JAKARTA - Proses divestasi 51% saham Freeport kini mengalami masalah baru. Lingkungan yang kini menghambat proses divestasi saham Freeport. Pasalnya, Badan Pemeriksa Keuangan (BPK) menemukan ada kerugian negara.
Menteri Lingkungan Hidup dan Kehutanan (LHK) Siti Nurbaya Bakar mengatakan, pihaknya akan segera memberikan solusi dari masalah tersebut agar proses divestasi saham Freeport bisa berjalan mulus. Adalah dengan cara membuat sebuah kerangkan penanganan limbah.
"Lagi diolah (kerangan penanganan limbah). Kan ada roadmapnya," ujarnya saat ditemui di Kantor Kementerian Koordinator bidang Perekonomian, Jakarta, Jumat (19/10/2018).

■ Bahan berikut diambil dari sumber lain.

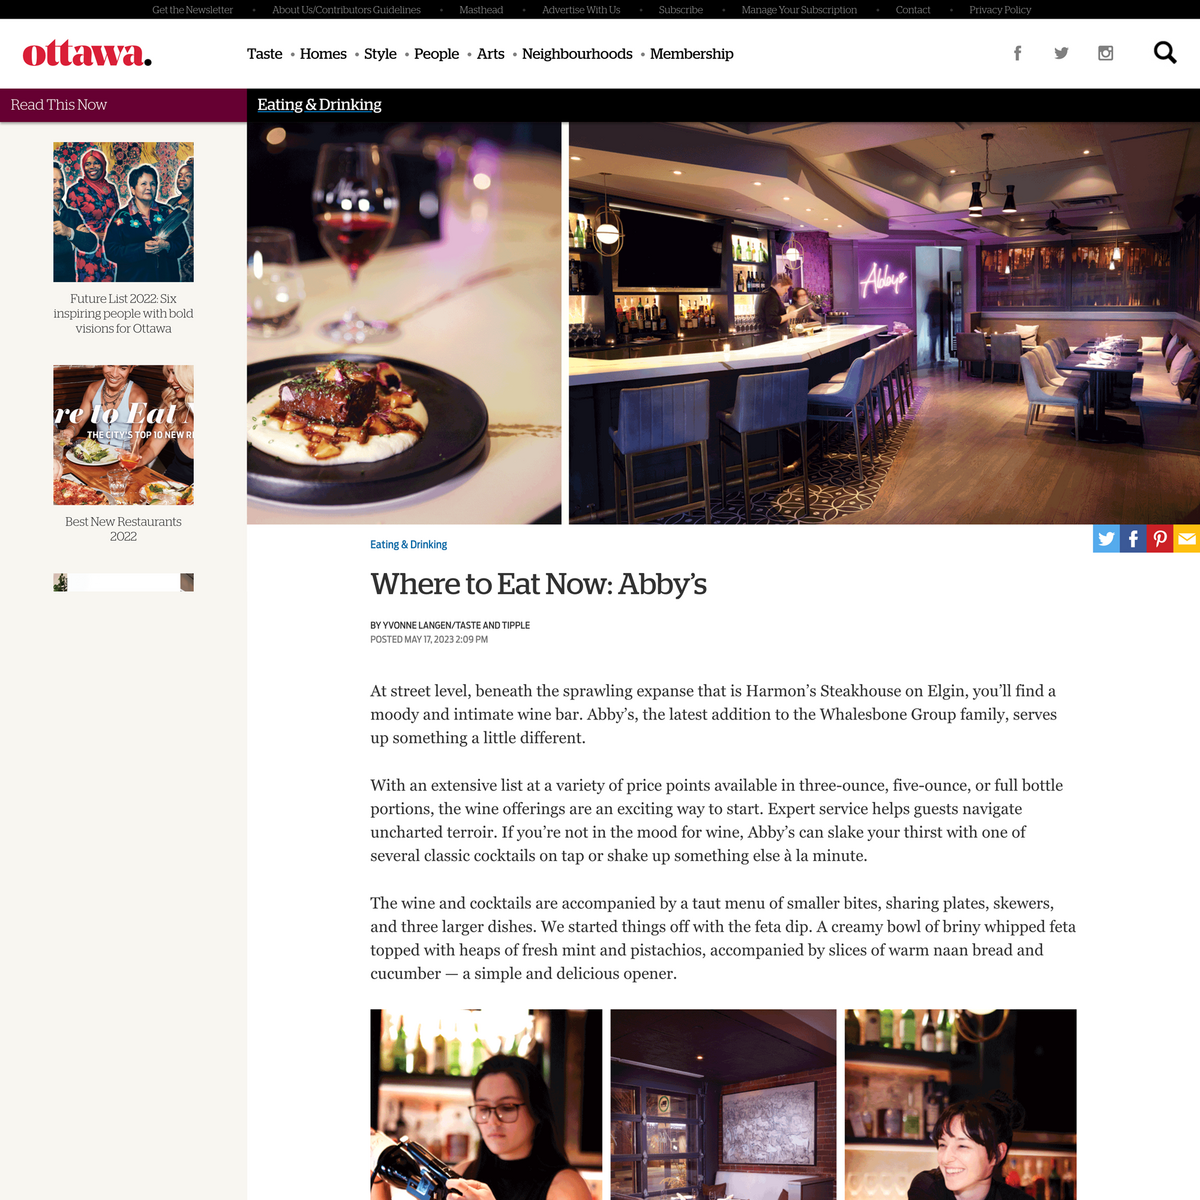 where-to-eat-now-Abby's-Ottawa-magazine

Baca Juga: Divestasi Freeport Tidak Akan Diteruskan Kalau Masalah Lingkungan Tak Selesai
Lebih lanjut Siti mengatakan, saat ini pihaknya terus melakukan pembahasan dengan sejumlah pihak terkait penanganan masalah tersebut. Adapun progresnya saat ini sudah mencapai 60%.
"Lagi diselesain udah 60% (progresnya)," ucapnya.

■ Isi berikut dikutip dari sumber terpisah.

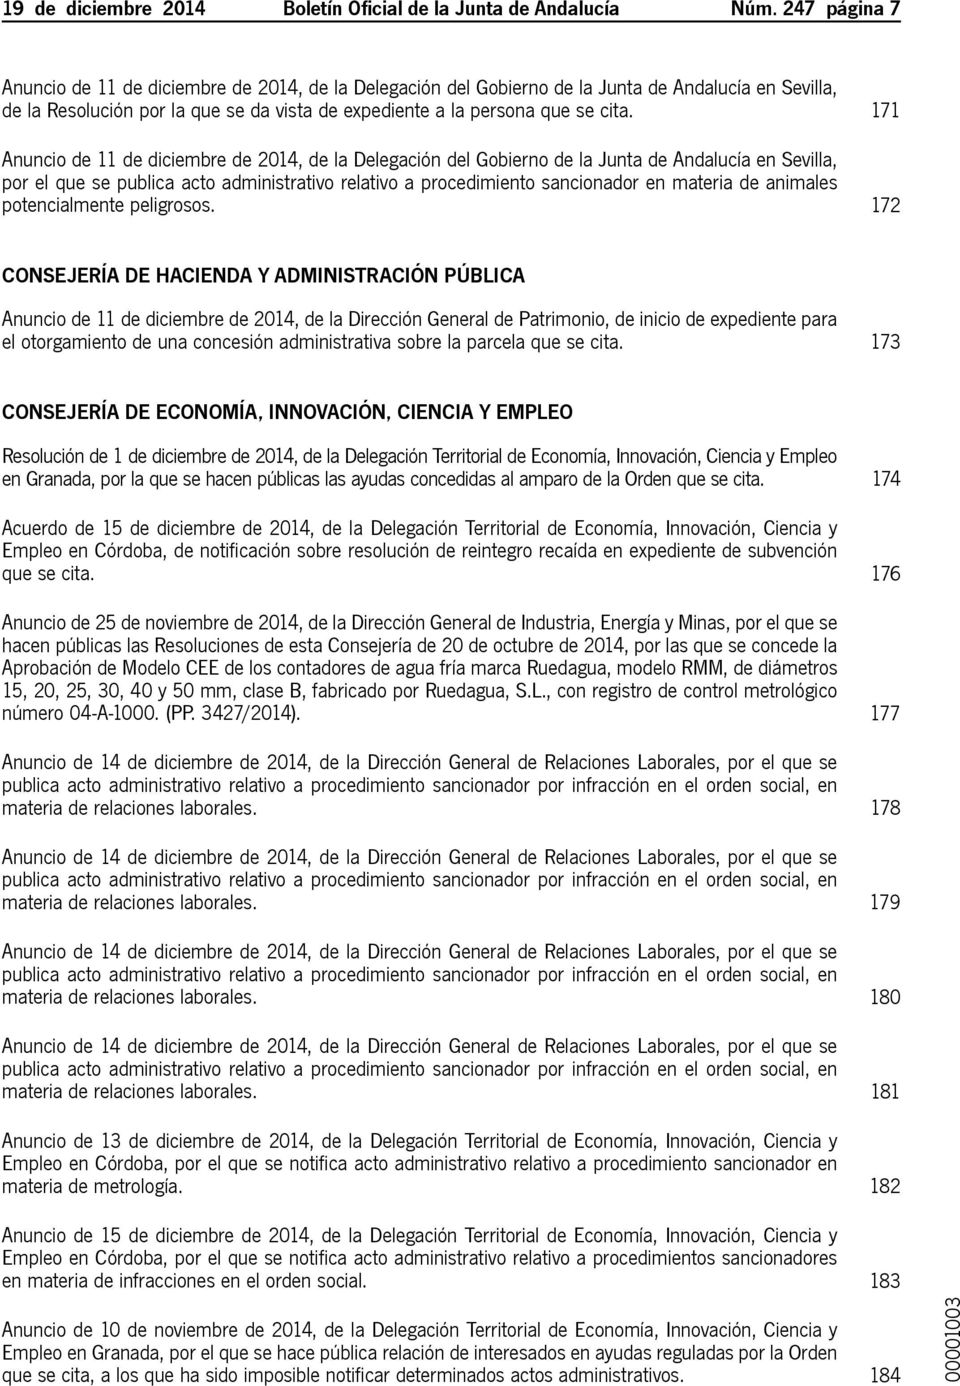 171 Anuncio de 11 de diciembre de 2014, de la Delegación del Gobierno de la Junta de Andalucía en Sevilla, por el que se publica acto administrativo relativo a procedimiento sancionador en materia de

Seperti diketahui, PT Indonesia Asahan Alumunium (Inalum) mendesak PT Freeport Indonesia menyelesaikan kerugian negara akibat permasalahan lingkungan yang ditimbulkan dari aktivitas penambangan.
Berdasarkan temuan Badan Pemeriksa Keuangan (BPK), kerugian akibat permasalahan lingkungan akibat operasional Freeport di Papua mencapai Rp185,58 triliun.
“Kalau tidak selesai, kami tidak akan melakukan pembayaran. Payment tidak jadi. Karena kami tidak mungkin membayar kalau izin usaha pertambangan khusus (IUPK) tidak ada. IUPK itu diterbitkan kalau masalah lingkungan sudah selesai,” ujar Direktur Utama Inalum Budi Gunadi Sadikin di Jakarta.
Baca Juga: Pemda Papua Beli 10% Saham Freeport, Inalum Talangi Rp13,5 Triliun
Menurut dia, Inalum tidak ikut bertanggung jawab atas masalah lingkungan yang ditimbulkan Freeport selama beroperasi. Pihaknya mengatakan, apabila terbukti ada permasalahan lingkungan, maka yang bertanggung jawab adalah Freeport, bukan Inalum sebagai pembeli saham.
“Kami meminta ada kepastian atas permasalahan tersebut, karena itu merupakan salah satu syarat terbitnya IUPK. Kalau tidak selesai, transaksi tidak jadi,” katanya.
Dia mengatakan, isu lingkungan tersebut sangat penting karena sebagai syarat mendapatkan pinjaman dari perbankan internasional. Pasalnya, jika isu lingkungan itu tidak selesai, maka 11 perbankan luar negeri yang rencananya menyokong dana kepada Inalum menjadi terhambat. Akibatnya, transaksi saham divestasi senilai USD3,85 miliar sesuai tertuang dalam pokok-pokok perjanjian (Head of Agreement/HoA) pada Juli 2018 terancam batal
Meski begitu, pihaknya tetap menargetkan pembayaran divestasi bisa selesai tahun ini. Pihaknya meyakini jika masalah lingkungan segera selesai karena telah dikonsolidasikan dengan Kementerian Lingkungan Hidup dan Kehutanan (KLHK).
“Dalam perjanjian sudah dipastikan dan angka lingkungan tersebut sudah diperhitungkan dan dikonsolidasikan dengan KLHK. Memang yang berwenang adalah KLHK,” ucapnya.